In the present study, the LULC and landscape pattern change trajectories of two rapidly emerging urban landscapes represent a typical urbanization trend that is sweeping across the city level and beyond; the trend is a particular form of unplanned, unregulated, and extensive urbanization in many developing countries, including India. The built-up area continues to expand and encroach on natural and semi-natural land units, mostly cropland, vegetation, and forest land. Over the past two decades, built-up area increased by 104% and 387%, while forest, vegetation, and cropland encountered urban growth-driven loss of 1%, 2%, and 17%, and 15%, 11%, and 15% in Dharamsala and Pithoragarh, respectively. These changes not only brought socioeconomic transformations in each urban landscape but also affected key ecological processes through altering landscape composition and configuration. In particular, during the study period, the Pithoragarh landscape evolved and expanded majorly as a single core, while the Dharamsala landscape exhibited multicore expansion. The growth of newer urban areas in both landscapes was generally spontaneous, with little or absence of any intervention of local governmental authorities. Such unplanned and extensive urban expansion in the ecologically relevant mountain ecosystem, i.e., Himalaya, can lead to the loss and deterioration of natural land units, which in turn can adversely impact the urban environment and overall human wellbeing.

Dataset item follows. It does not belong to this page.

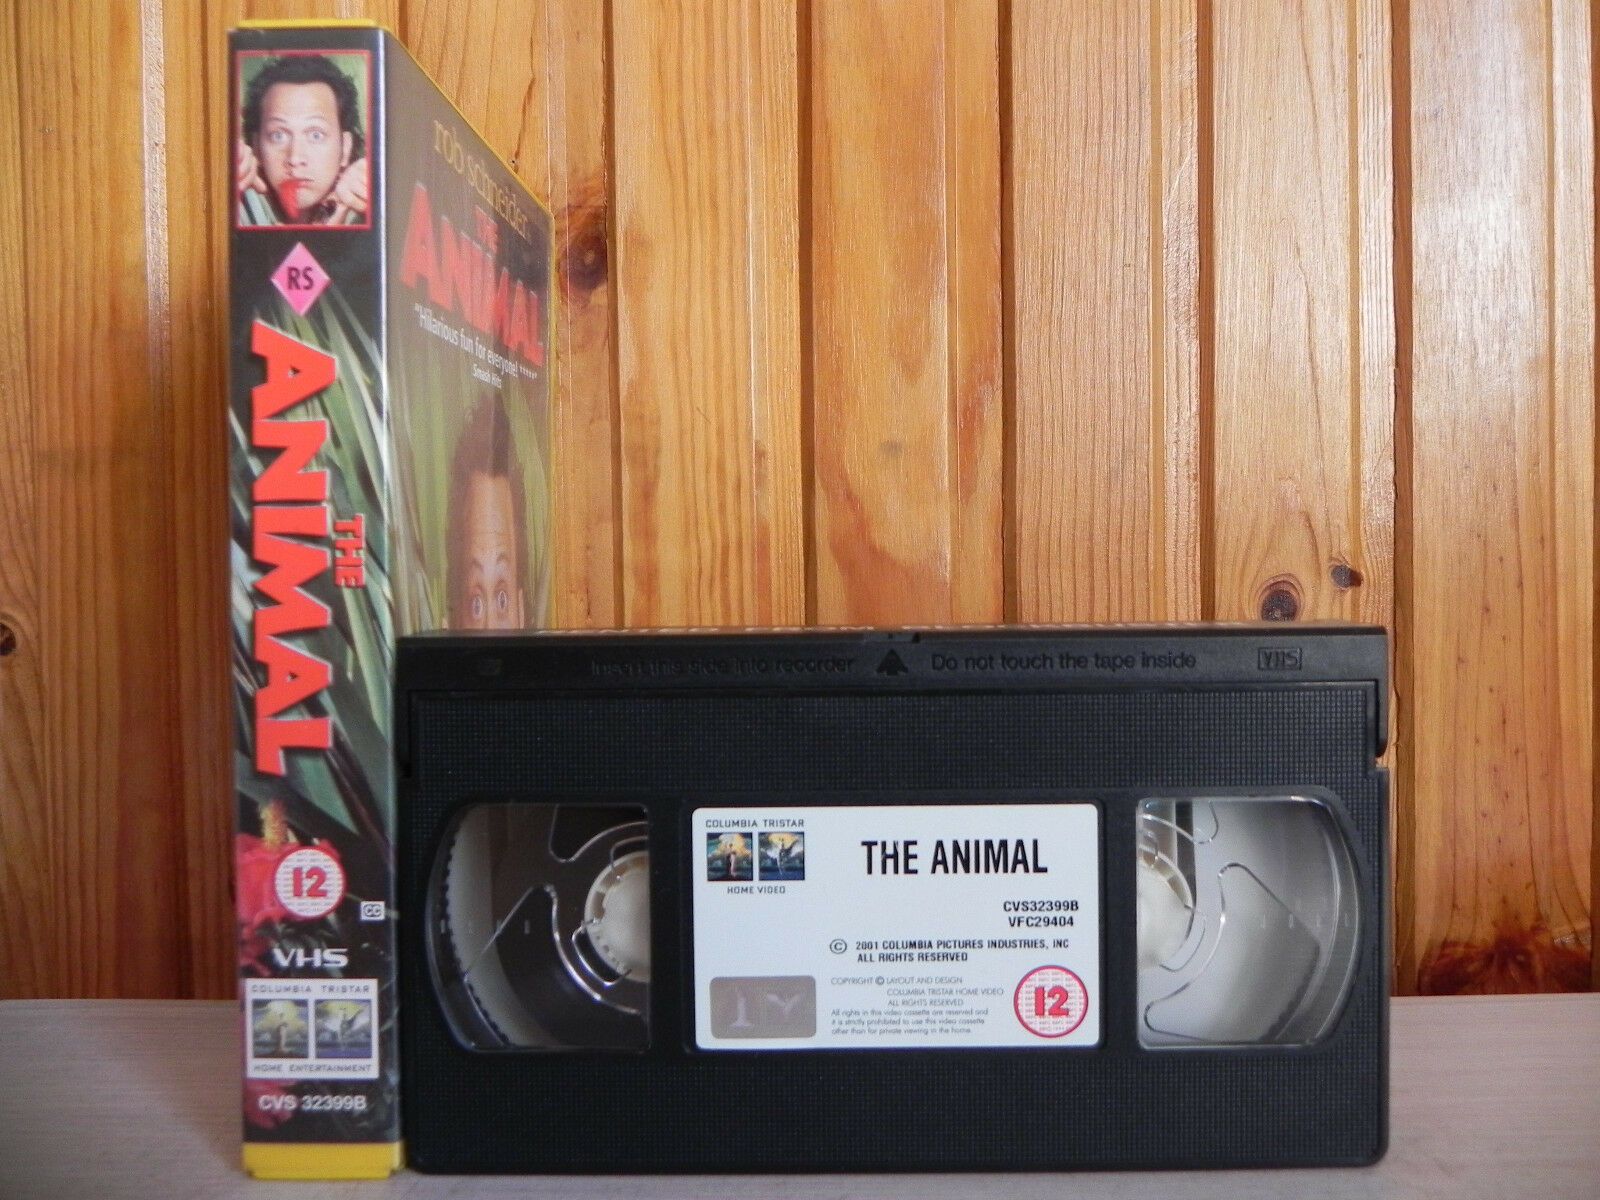 The Animal - Columbia - Comedy - Rob Schneider - Collen Haskell - Pal VHS-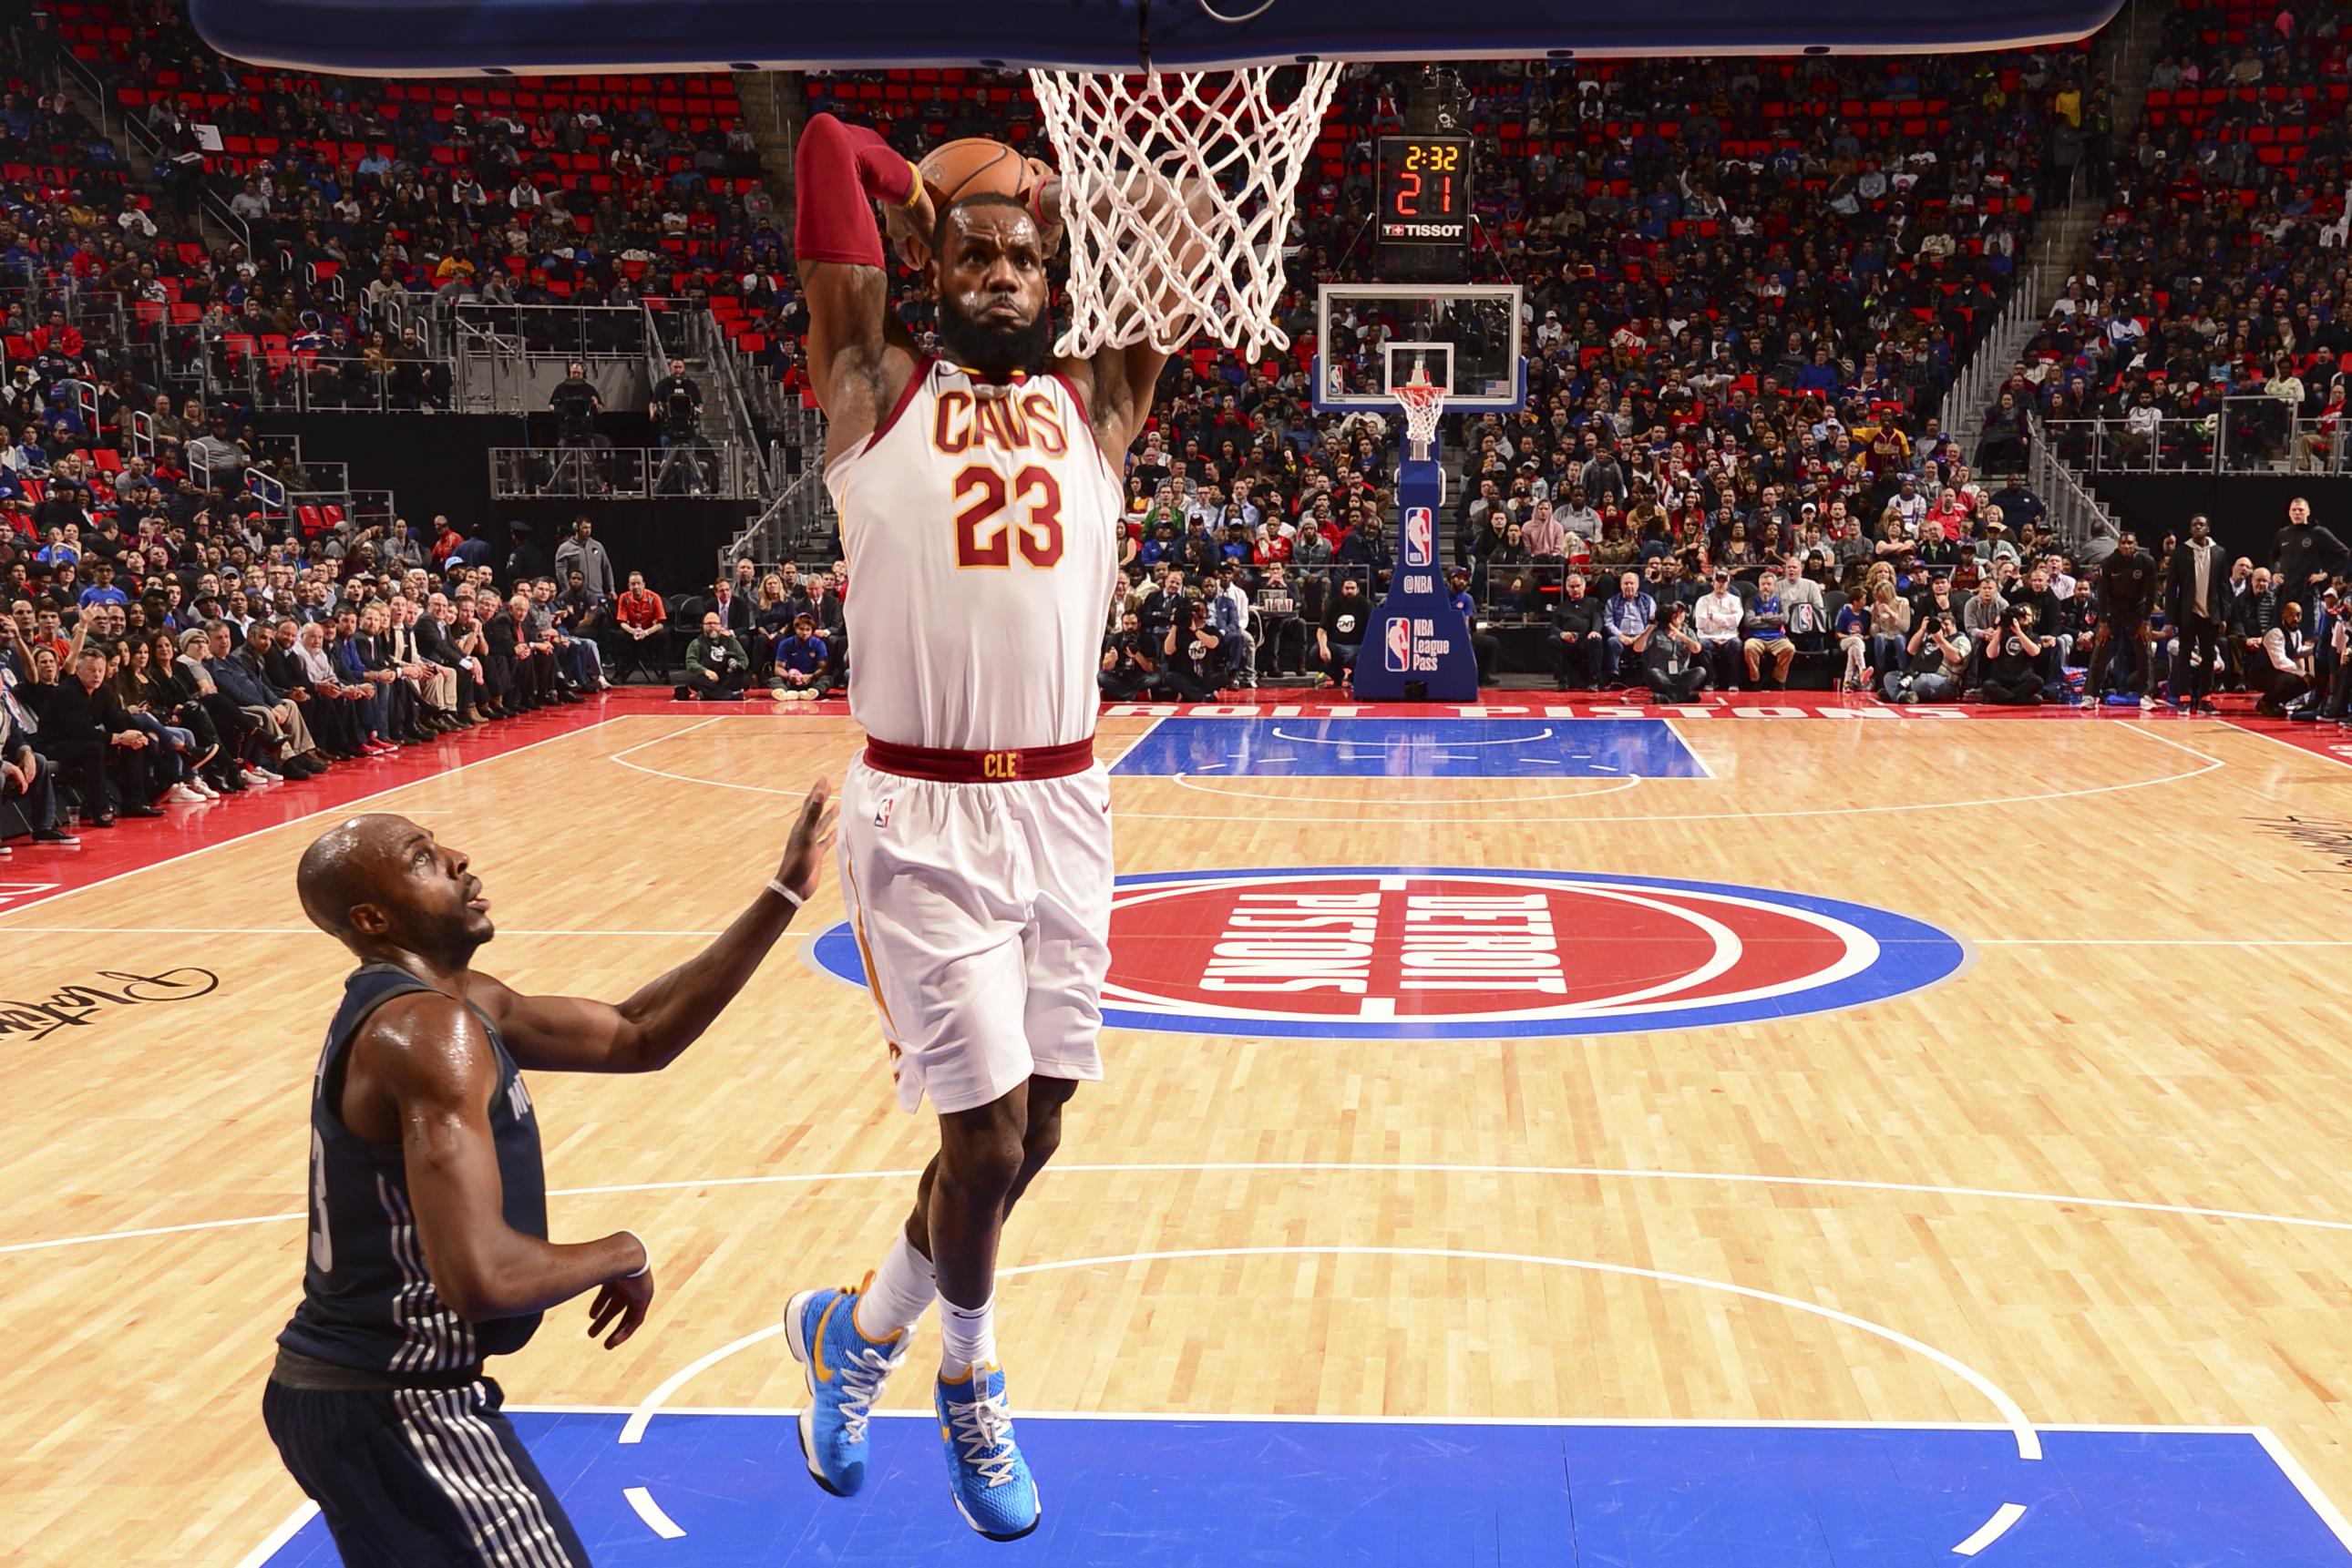 LeBron James impressed by dunk contest

Given that the nature of urban growth and expansion in Western Himalaya is not sustainable in many ways, to promote sustainable landscape development in western Himalaya and other mountainous regions of the world, we suggest adopting the proposed framework that integrates the multifunctionality of Himalayan or any mountainous landscape with the Geodesign approach and the key characteristics of mountainous urban landscapes. Hence, the results and the proposed framework of this study provide an important reference value for ecological development and future urbanization planning in Himalaya and other similar mountainous regions.